Intro to Lightroom App

 In Photography Tips

These are the basics that I use to edit my photos in Lightroom after applying a preset. (if needed)

SKIN TONE

Original

Orange (and sometimes yellow) is what I work with to bring back the right skin color

  1. De-saturate the orange
  2. Brighten up the Luminance of the orange (I kept it the same here)

After the adjustments

Then I go into “Light” and up the contrast to make the photo pop a little

(edited with “Astoria”)


GRAIN

Scroll down

If you want to get rid of the grain,

Drag the grain bar to the left

(or drag it to the right to add grain)

(Edited with “Beige”)

 


STRAIGHTENING

If it doesn’t automatically straighten, adjust the dial manually.

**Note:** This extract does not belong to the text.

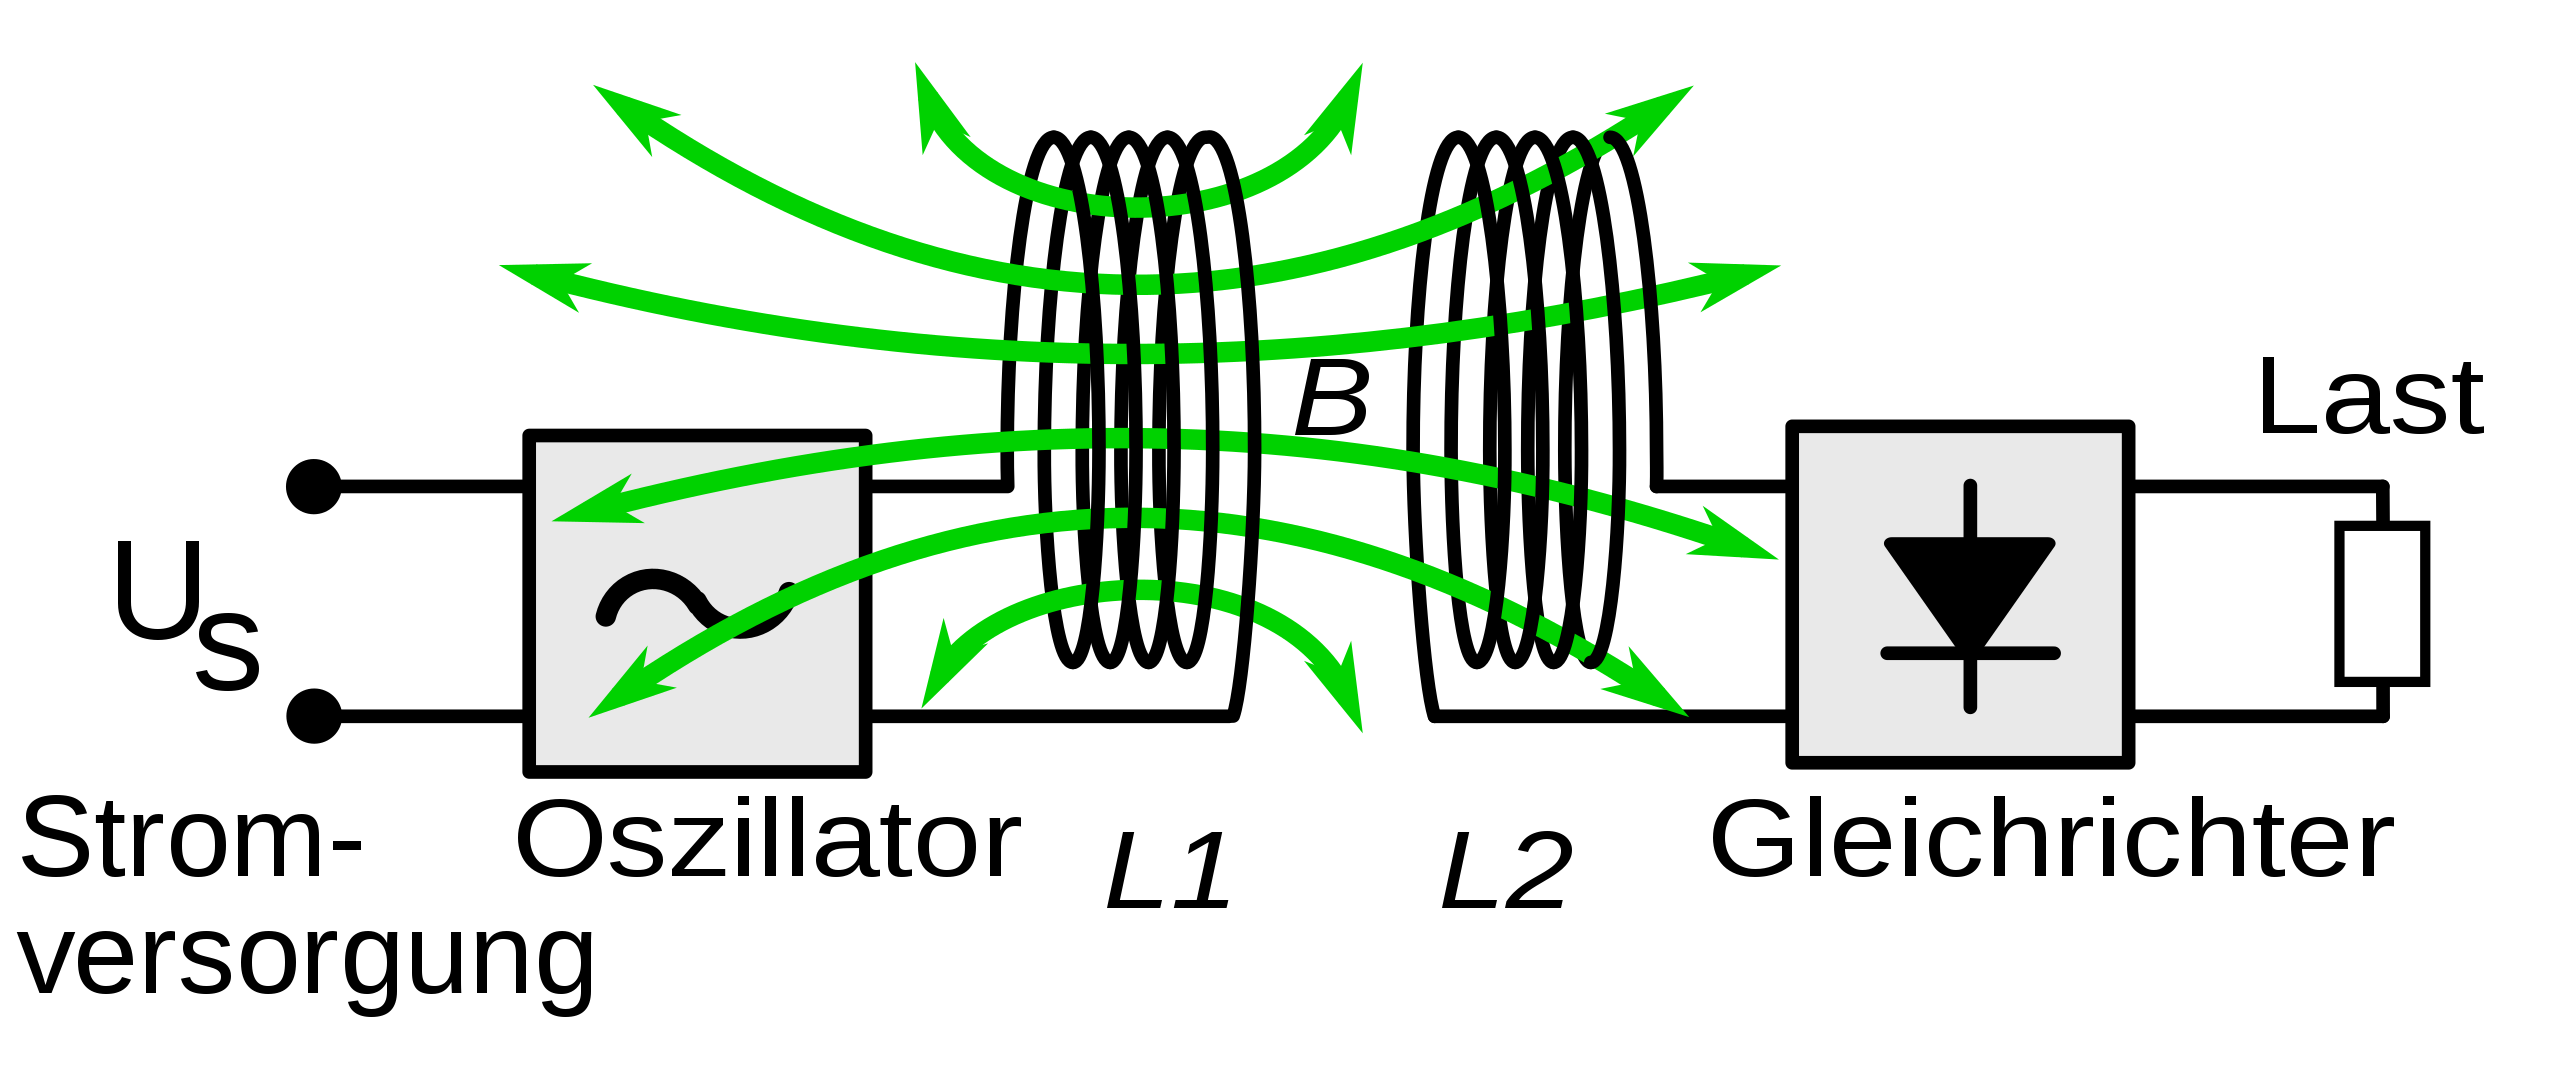 File:Wireless power system - inductive coupling de.svg - Wikimedia Commons
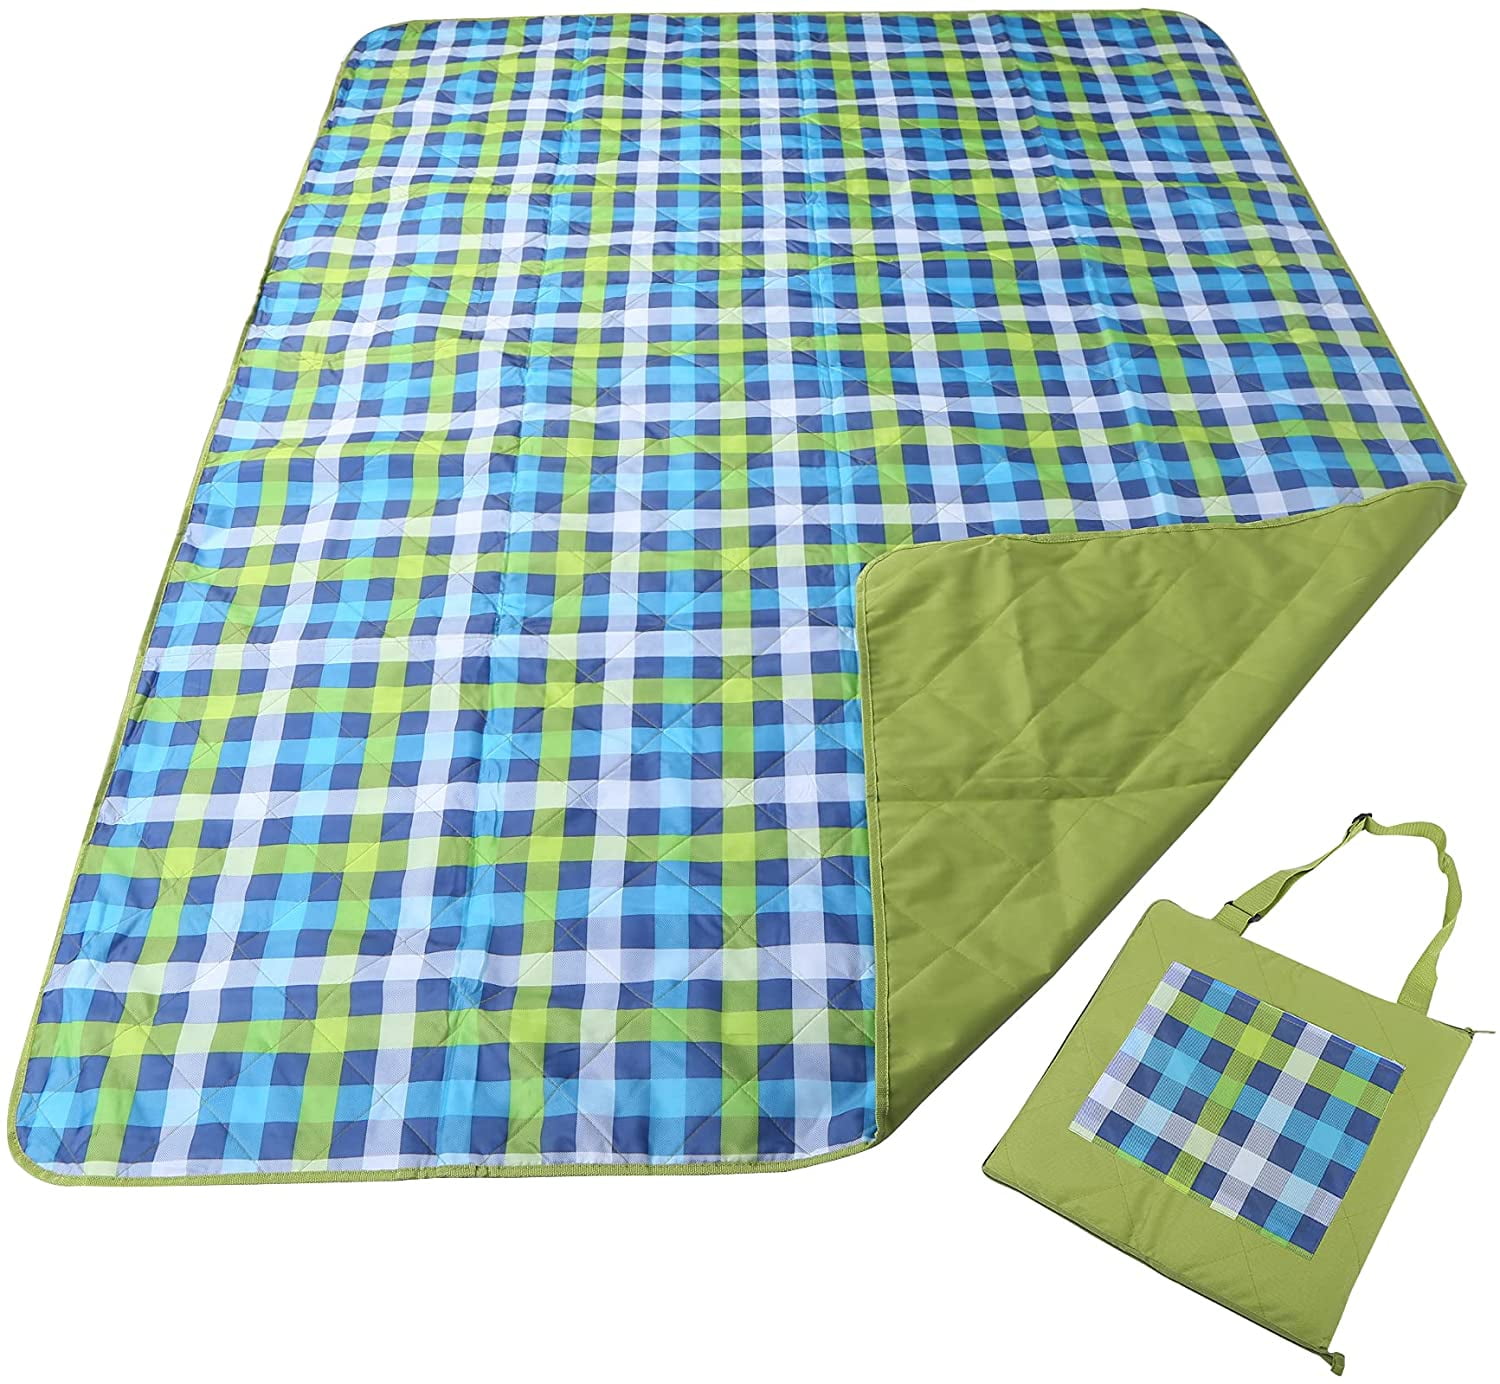 REDCAMP Outdoor Waterproof Picnic Blanket,Foldable Picnic Mat Green and Blue Plaid / 79x59

click the check mark to save

(edited with Techni 4)


LIGHTING

Exposure brightens the overall photo if you drag into the “+” or darkens the overall photo if you drag it into the “-”

I mostly use this when the photo is too dark and I want to “open up the shadows” to make it look brighter.

I keep whites and highlights in the negatives to make sure the skin tone is even or if a photo is too bright.

Also used when a preset I use makes me too “orange”


IMAGE TONES

I only adjust the “Temp” to add warmth or coolness to my photo.

If the photo is too orange then I fix it by pulling it into the blues.

If it’s too blue, I fix it by pulling it into the yellows.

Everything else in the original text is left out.